FloTorch, UiPath, and Nuvento all flag the same four pillars: end-to-end audit trails, RBAC, policy enforcement gates, and real-time monitoring dashboards. Enterprises that skip these discover too late that regulators and internal risk teams will not sign off on opaque autonomous execution. A practical starting point is to map each workflow step to a governance checklist: who can approve, what data the agent may read, which systems it can write to, and how every action is logged for post-mortem review.

Q3: How can procurement teams avoid vendor lock-in when evaluating agentic platforms?

Require LLM-agnostic orchestration and open APIs from day one.
Industry analysis warns that lock-in compounds at multiple layers - model, framework, runtime, and developer patterns. The safest way to future-proof is to:

  • insist on multi-LLM support and the ability to bring your own model
  • verify that all connectors and workflow definitions are exportable in standard formats
  • demand a staged off-boarding test written into the contract

These checkpoints are now listed as must-haves in leading RFP templates for agentic AI procurement.

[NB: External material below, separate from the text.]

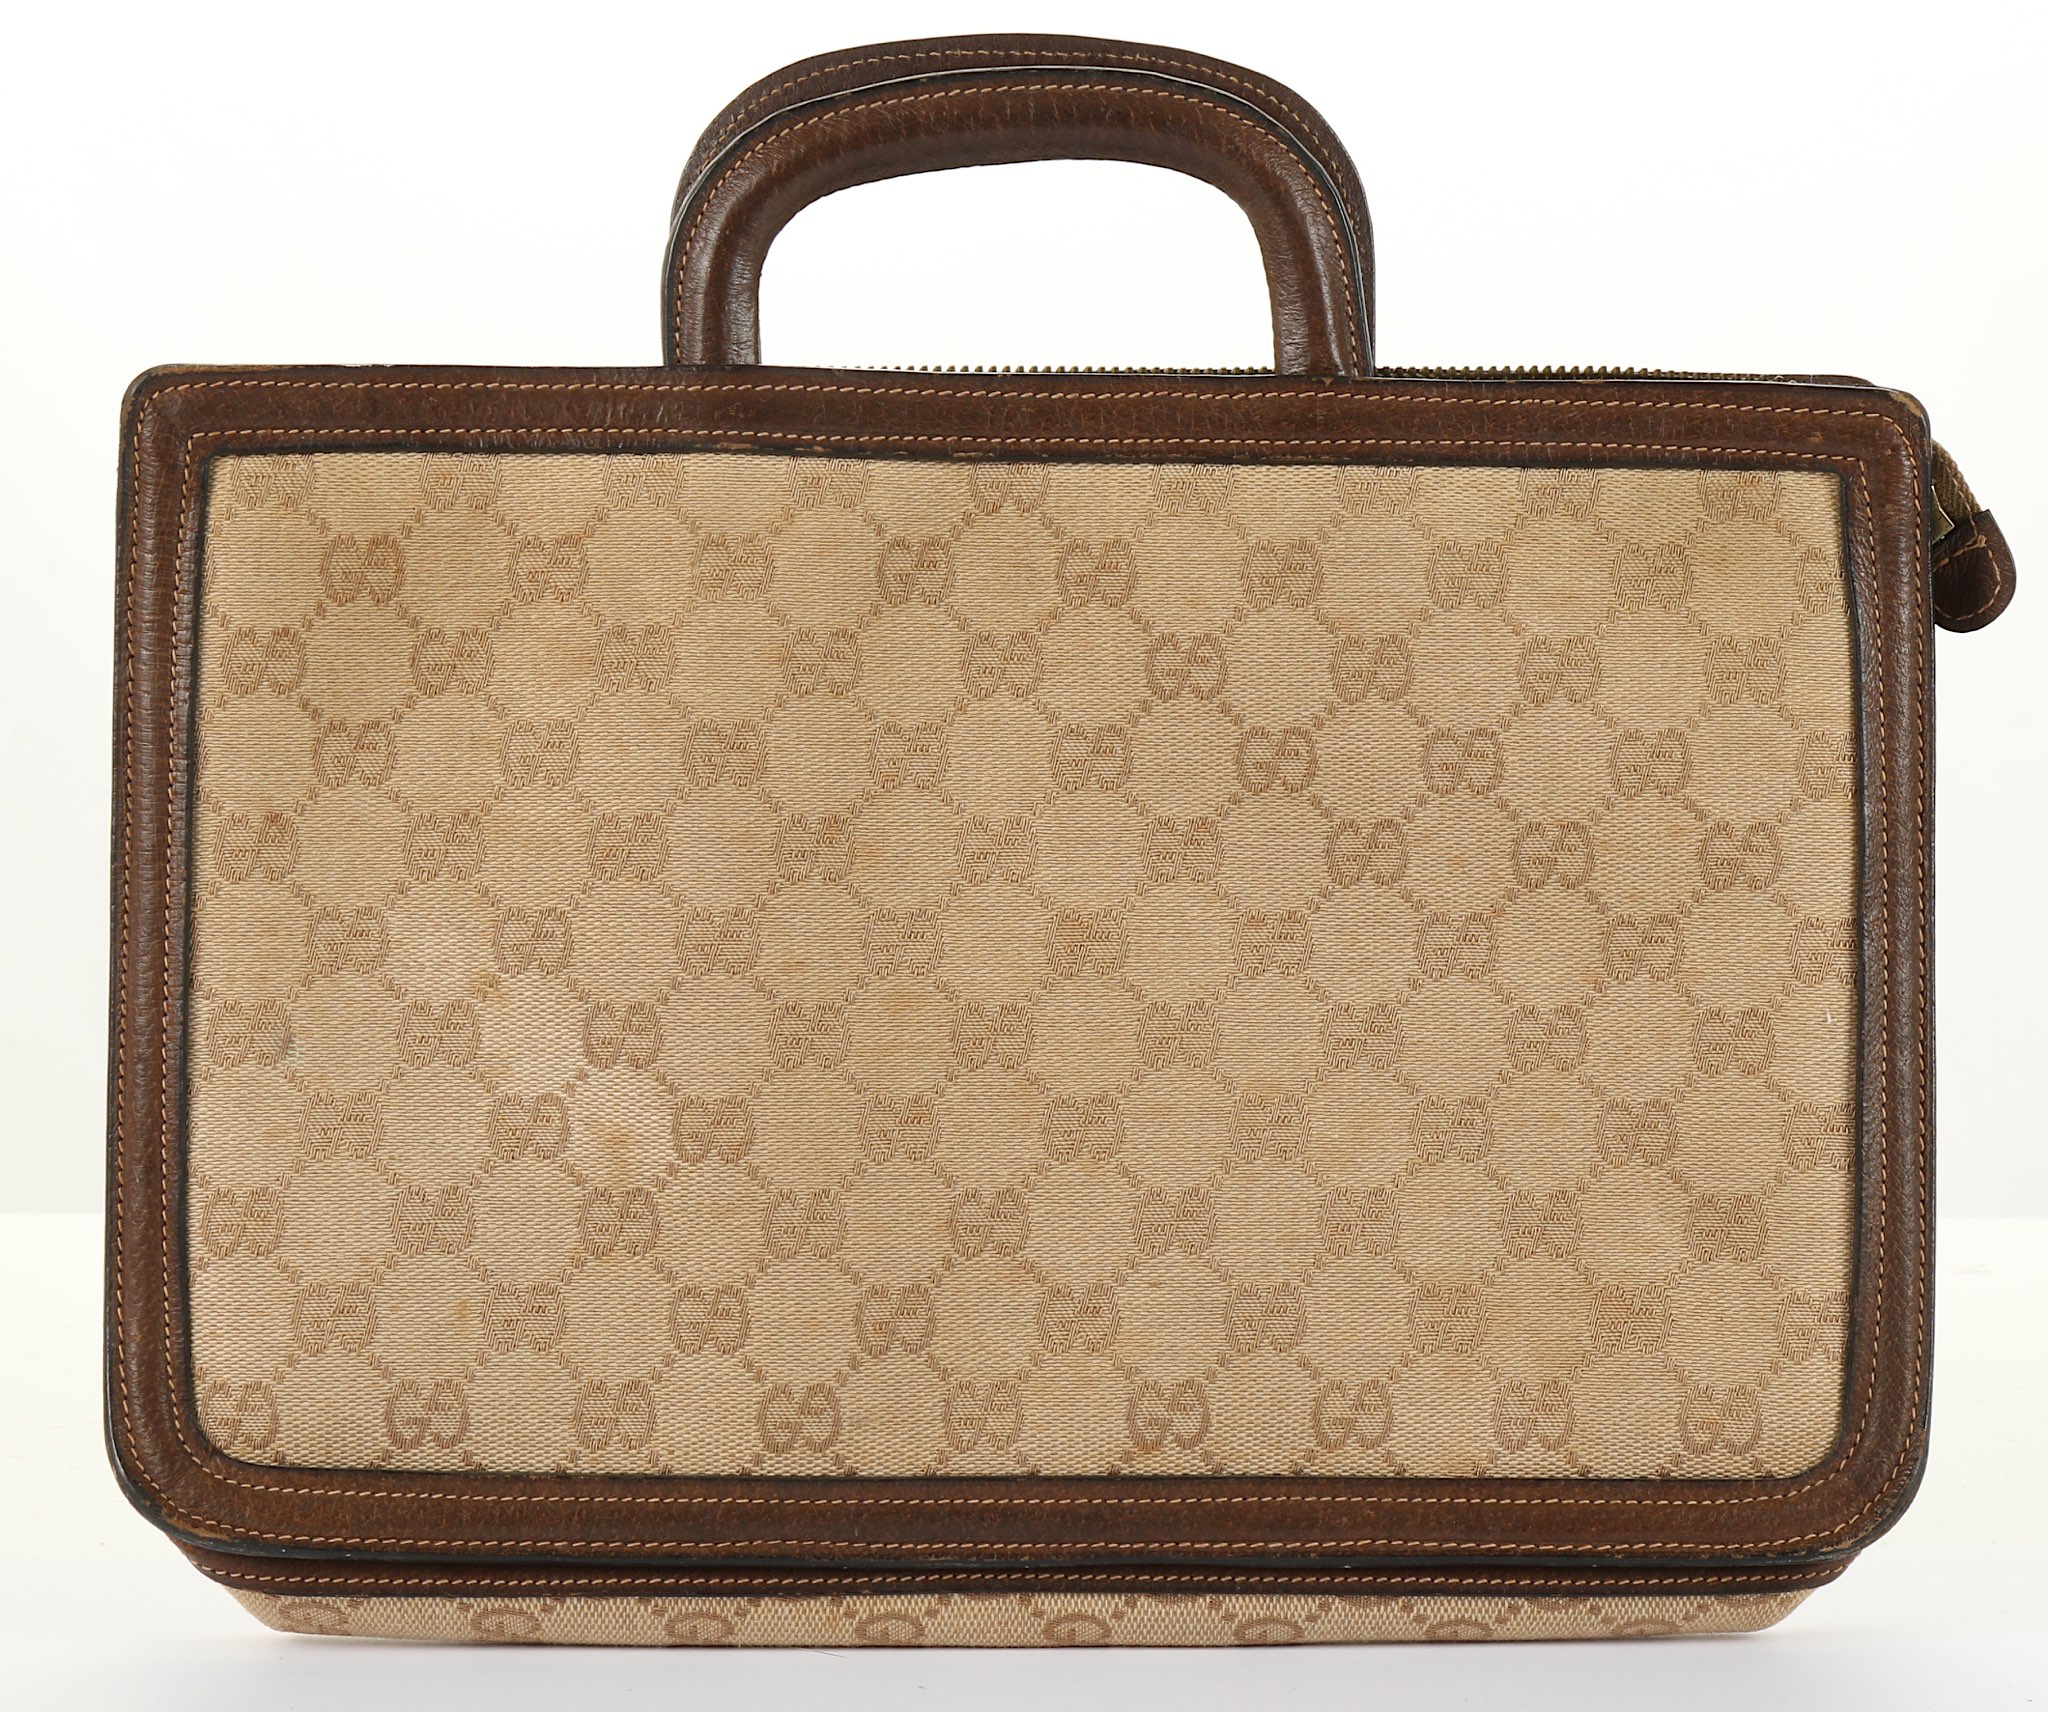 Gucci Document Holder, 1970s, brown monogram canva - Image 4 of 4
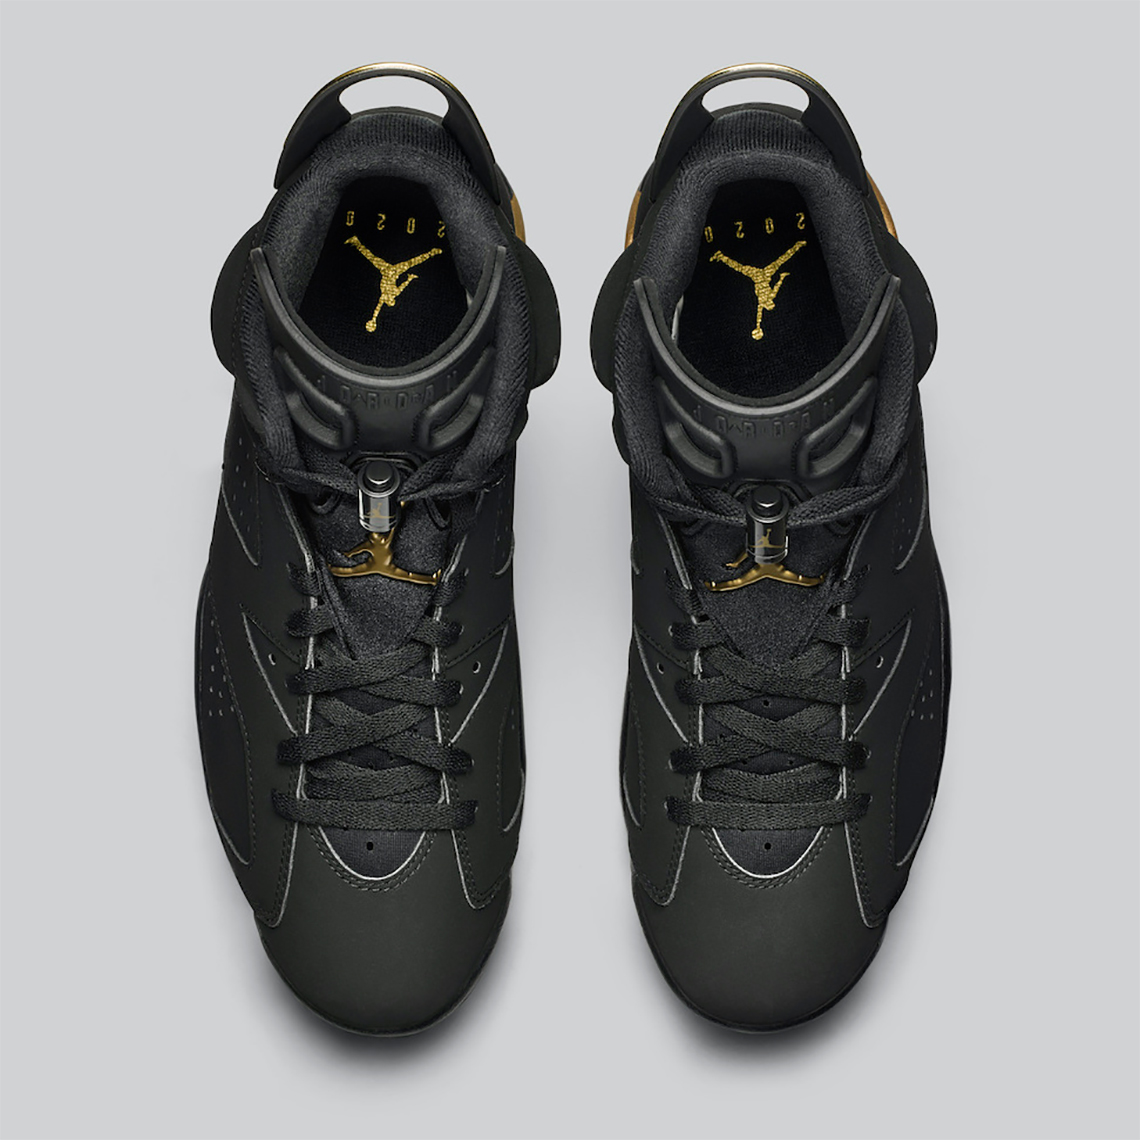 Spike Lee has just received this Air Jordan 6 "Oscars Edition" player Dmp Ct4954 007 8

Q4: Which pilot use-cases are delivering measurable ROI?

Look at back-office processes with high volume and low variability.
According to industry reports, enterprises are capturing significant value in areas such as:

  • Customer service: AI agents handling substantial volumes of customer conversations with significant efficiency gains
  • Logistics: AI-powered shipment routing delivering substantial cost savings
  • Document processing: AI agents reclaiming hundreds of hours monthly and reducing processing time significantly

Each of these pilots shared three traits: standardized data inputs, clear success metrics, and simple integration surfaces, proving that repeatability is the fastest path to provable ROI.

Q5: What does a practical 90-day migration plan look like?

Weeks 1-2: pick one repeatable workflow with an owner willing to co-sponsor and run a compliance pre-check.
Weeks 3-6: deploy a contained pilot in a non-production sandbox with full audit logging; measure baseline KPIs (cost per case, cycle time, error rate).
Weeks 7-10: expand to a limited production ring including human-in-the-loop approval gates; validate security and observability dashboards.
Weeks 11-12: draft the scale-out playbook - integration sequencing, change-management comms, and vendor contract renegotiation tied to throughput-based pricing rather than seat licenses.

Following this cadence lets teams prove value fast while keeping risk bounded, a pattern already used by major enterprises in their production deployments.